• Information supplied:
▬▬▬
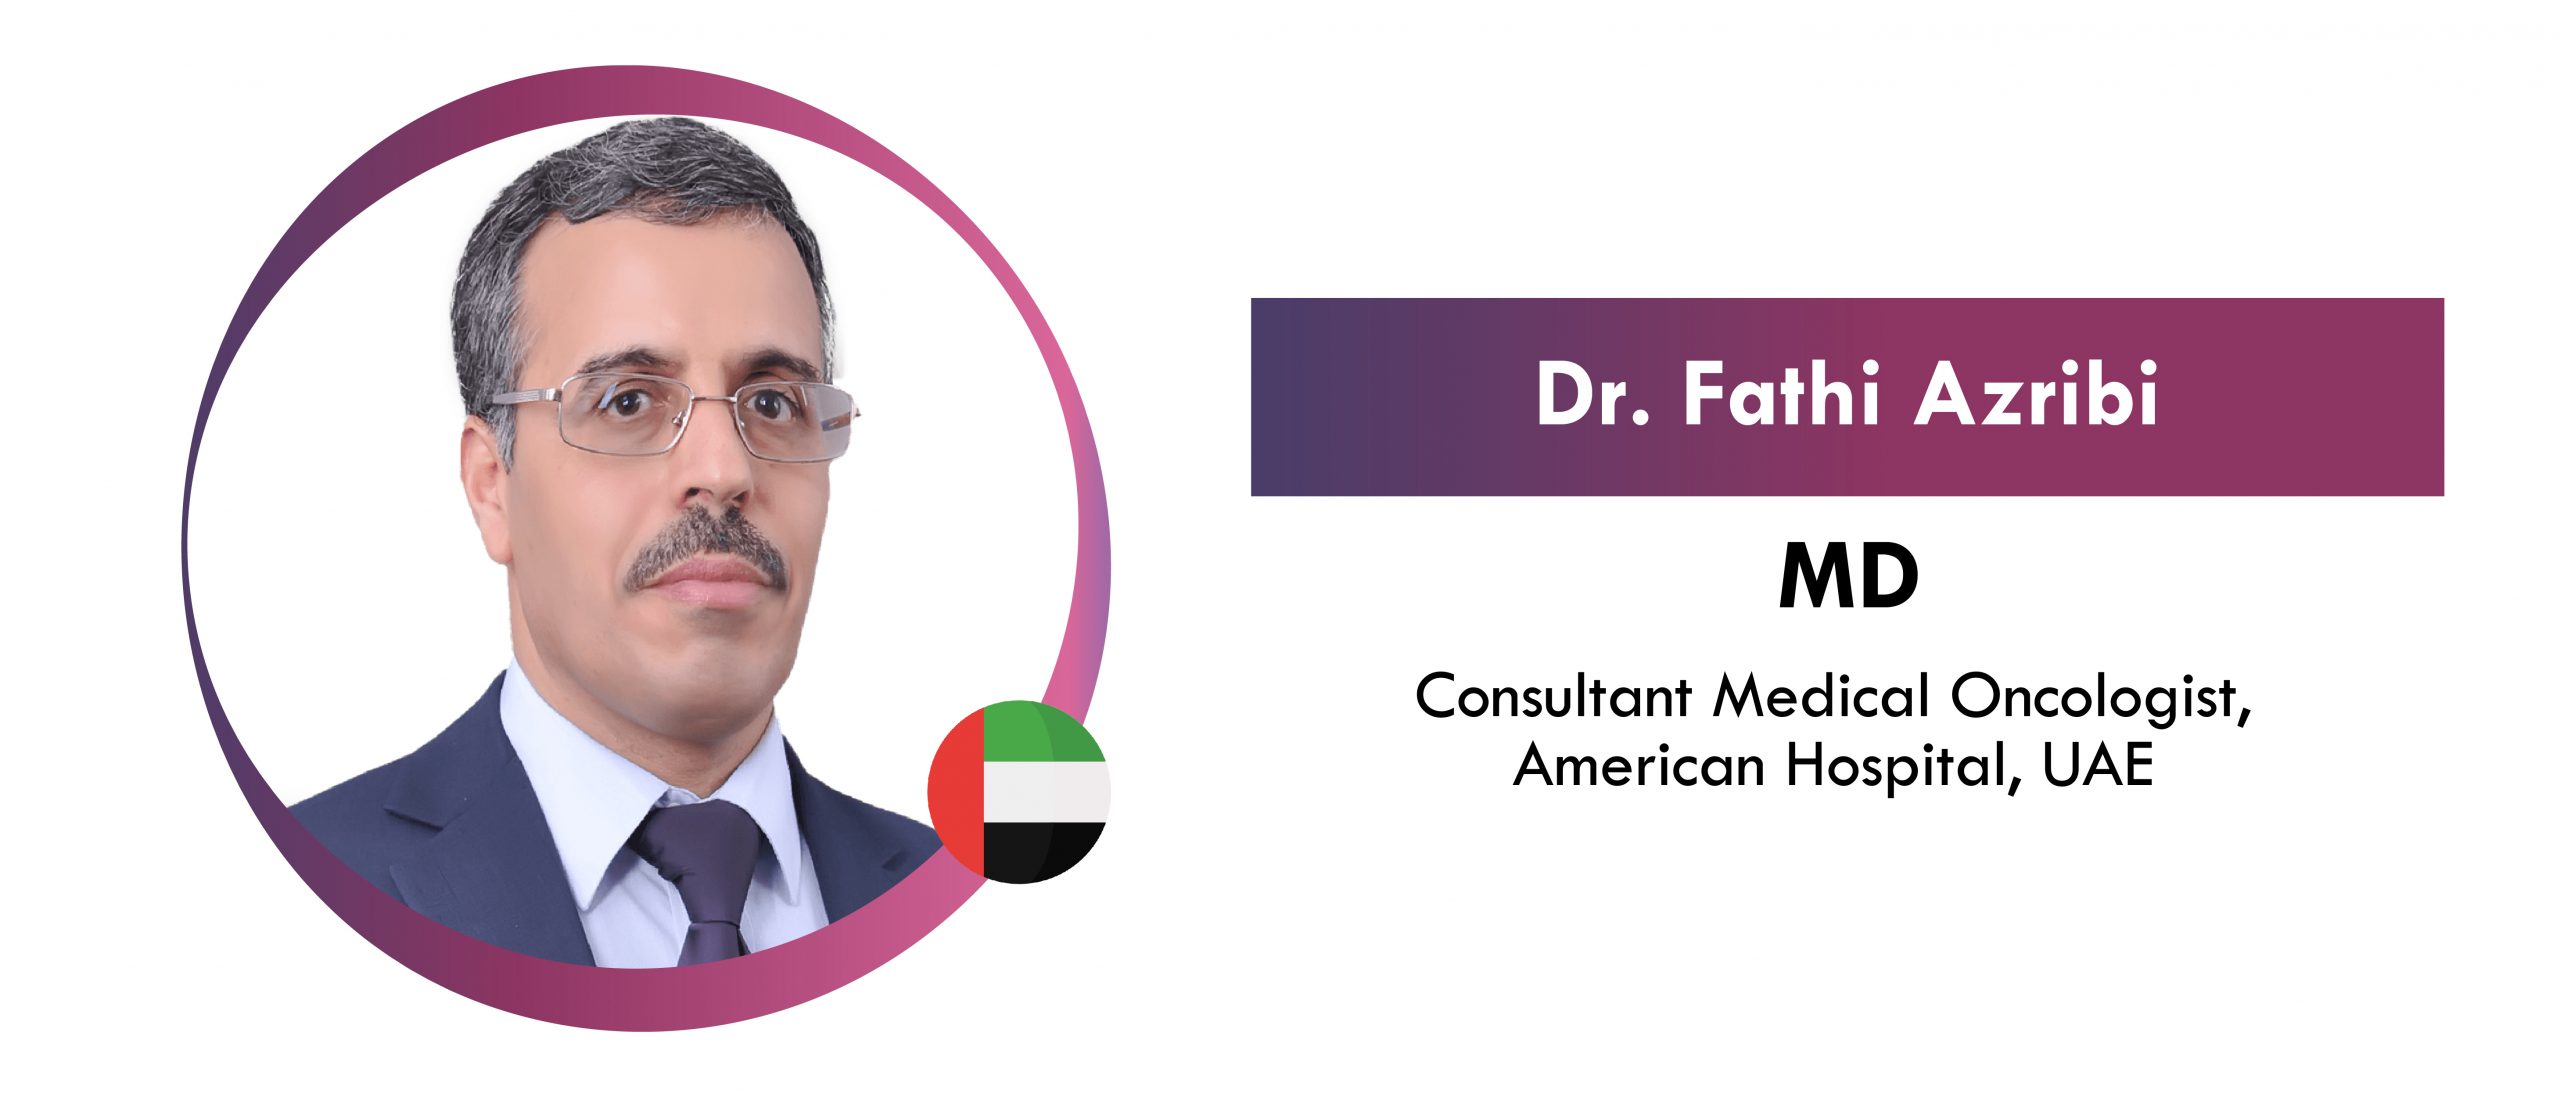 Dr. Fathi Azribi
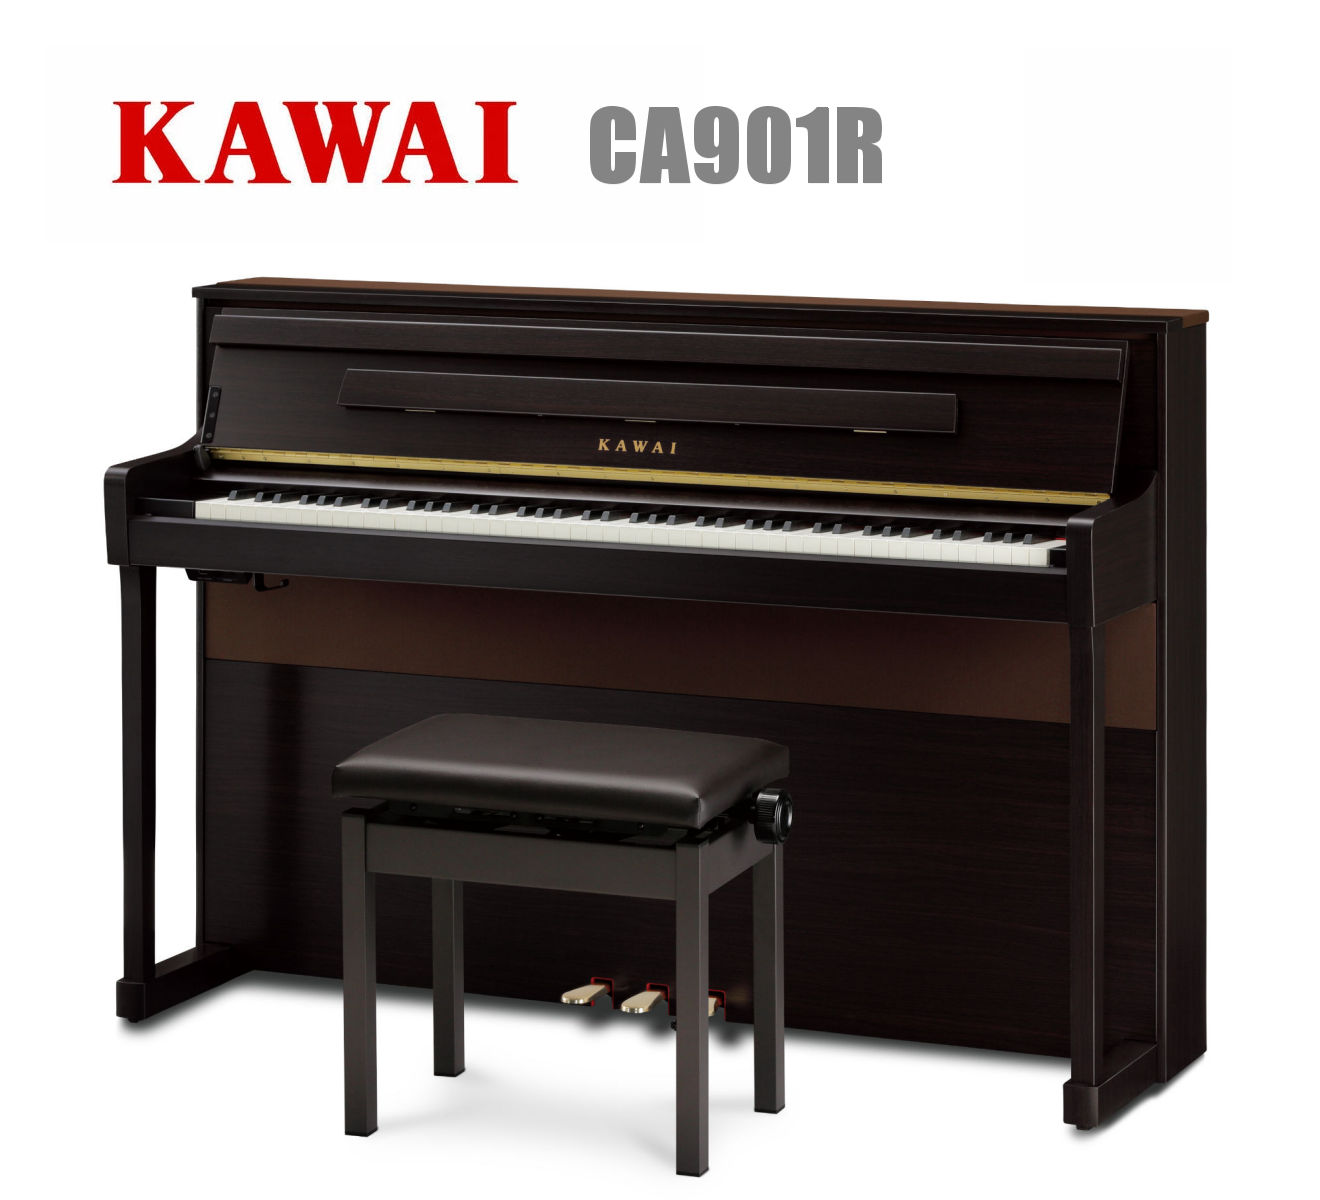 KAWAI CA901R カワイ 電子ピアノ 木製鍵盤 88鍵 プレミアムローズ
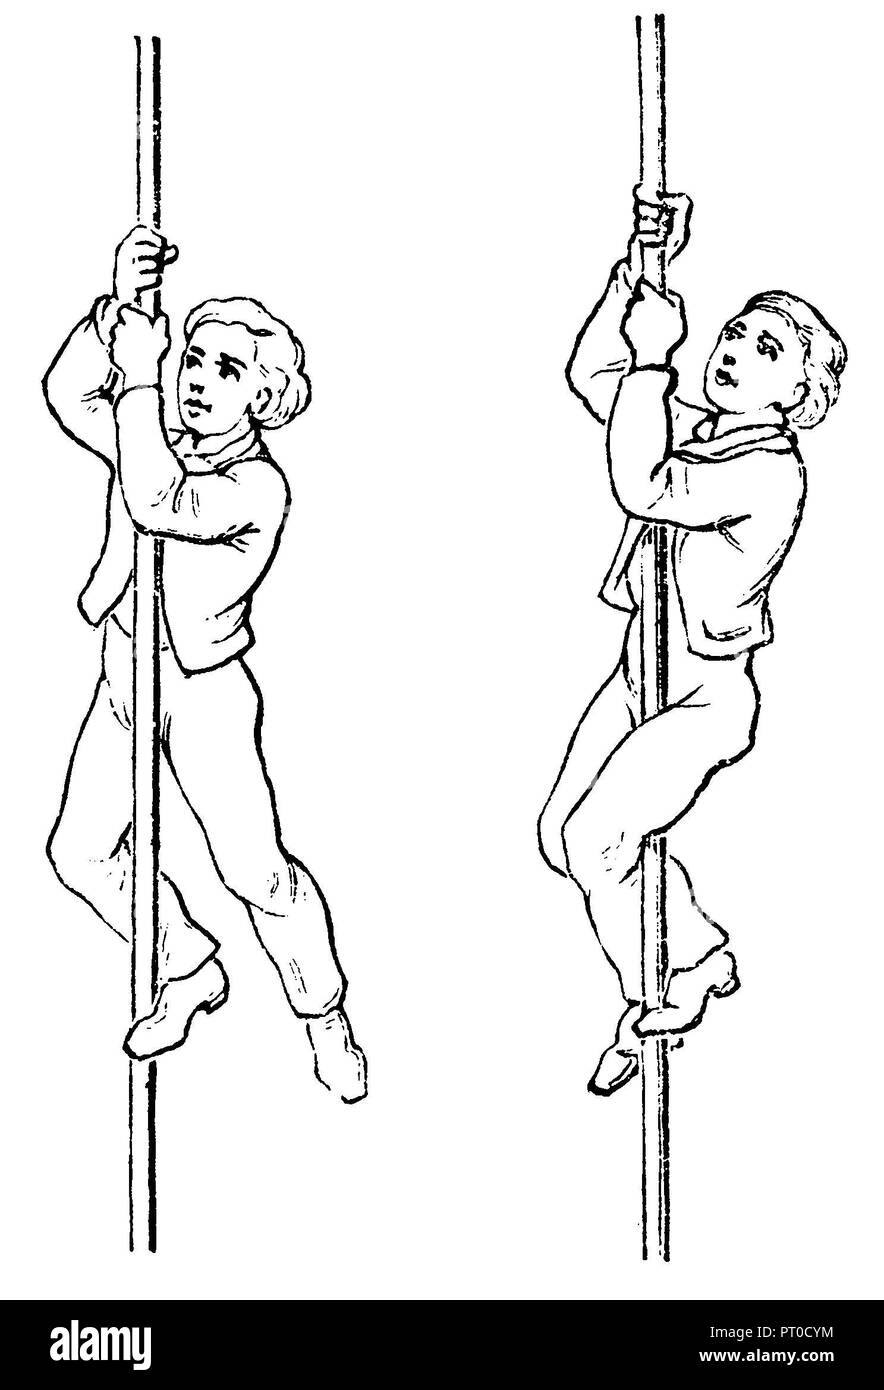 La gymnastique, l'Escalade : escalade avec une jambe (gauche), avec les deux jambes (droite), 1890 Banque D'Images
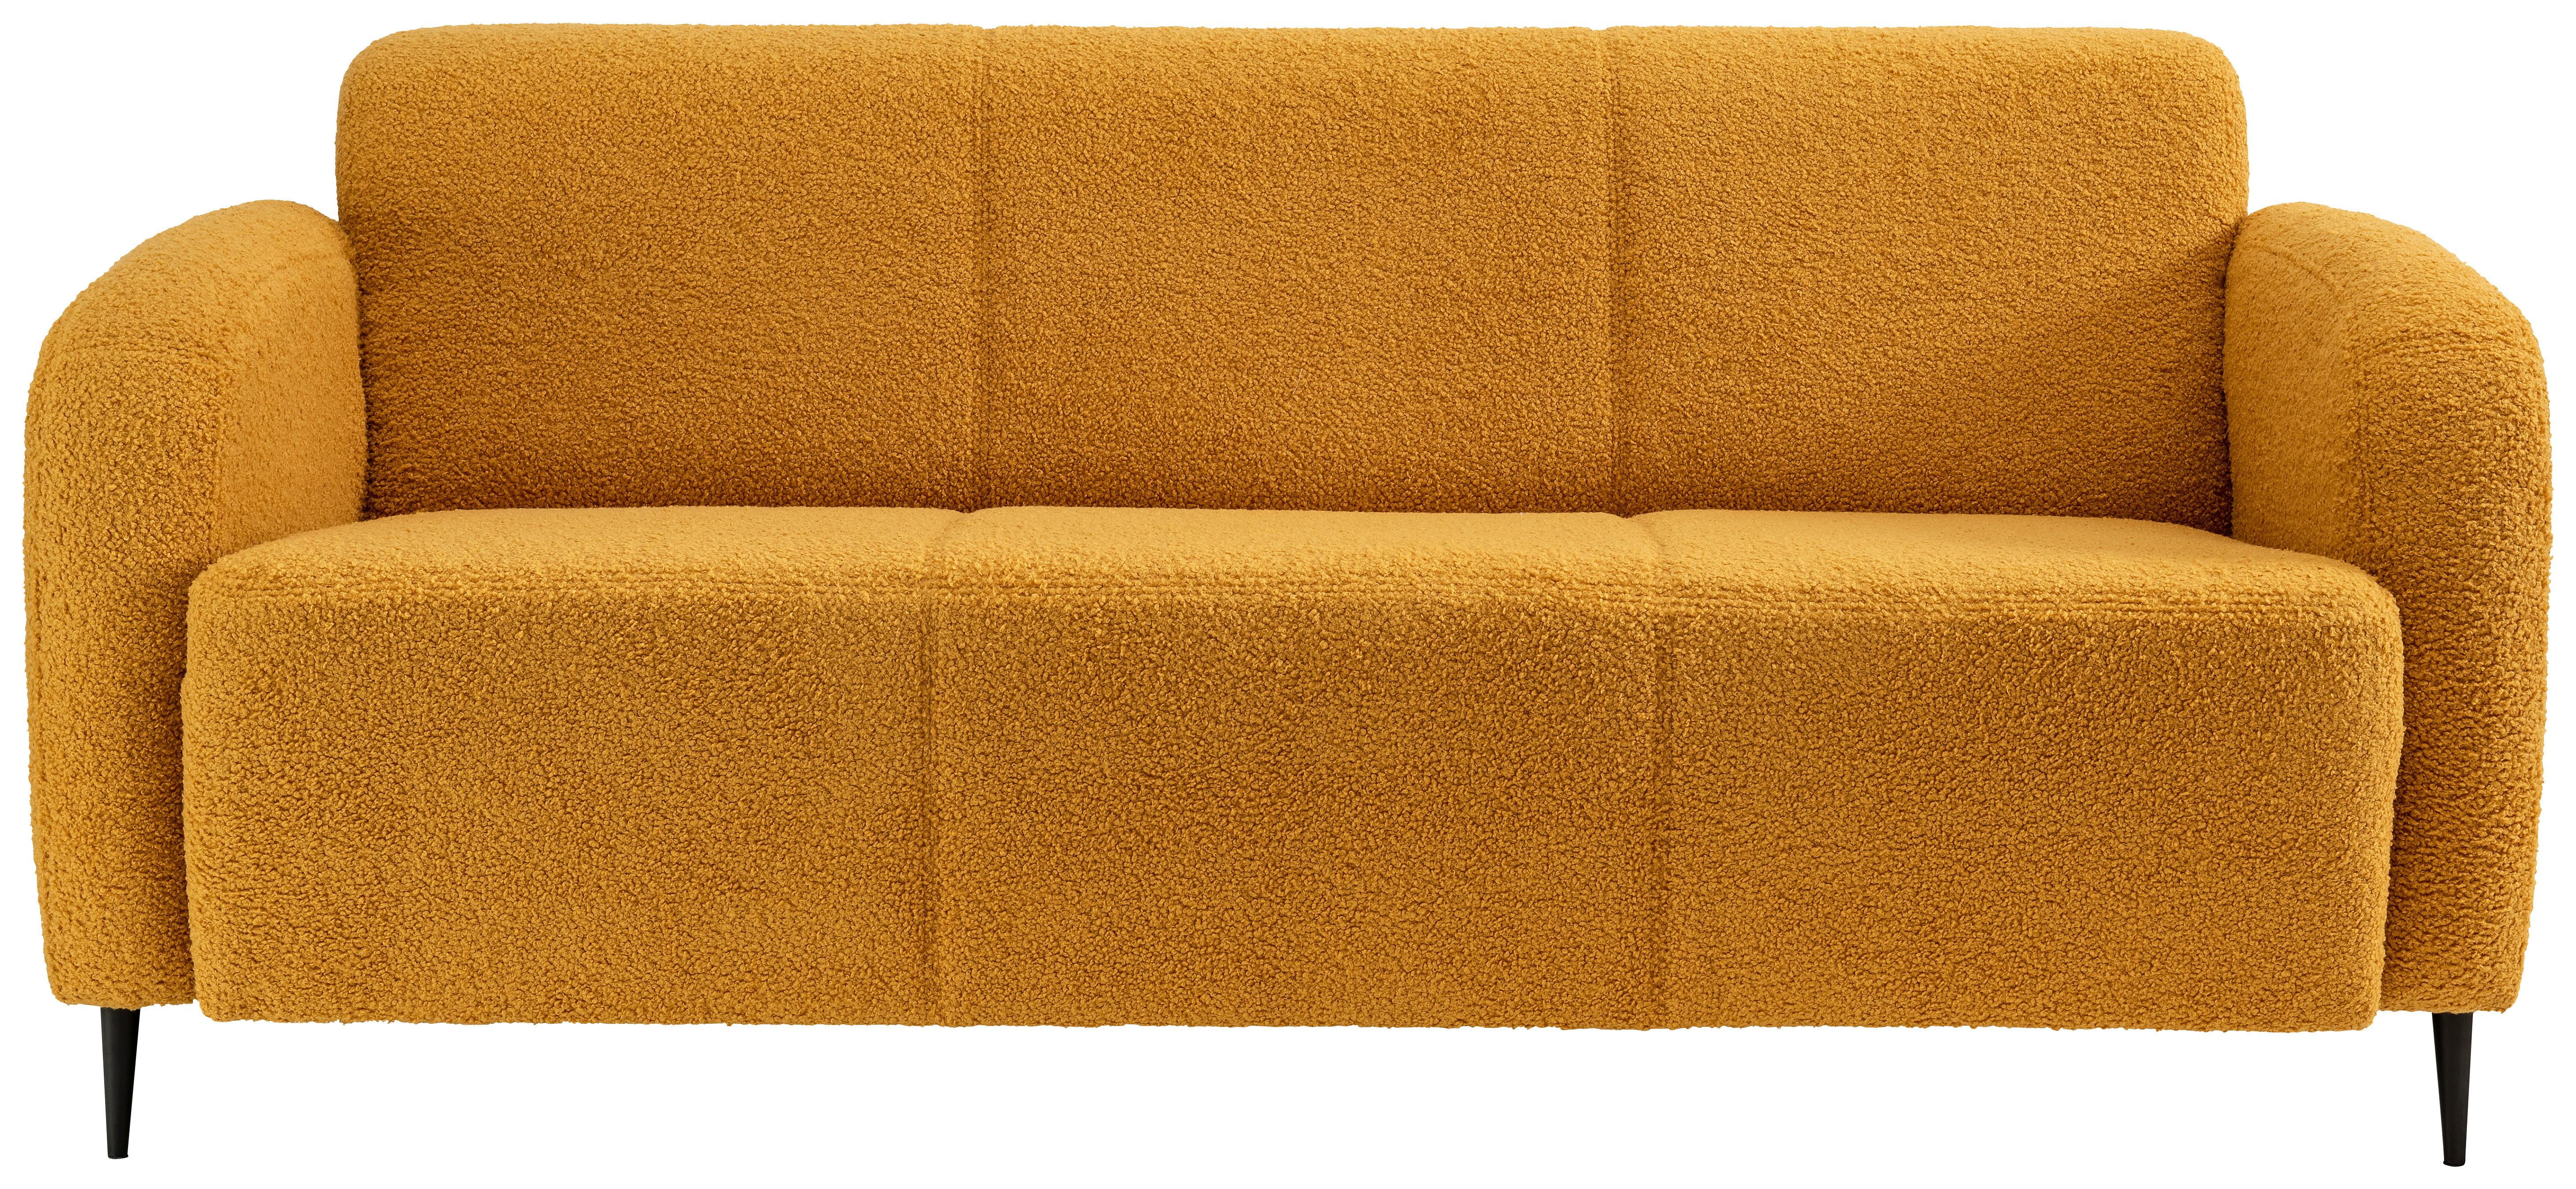 3-Sitzer-Sofa Marone Gelb Teddystoff
▬▬▬
• What you will do: A word-for-word copy is required of the lines above from the line with "La gymnastique, l'Escalade : escalade" through the last line of the data; no other lines and no pictures belong in it.

• Result of this exercise:
 La gymnastique, l'Escalade : escalade avec une jambe (gauche), avec les deux jambes (droite), 1890 Banque D'Images
 3-Sitzer-Sofa Marone Gelb Teddystoff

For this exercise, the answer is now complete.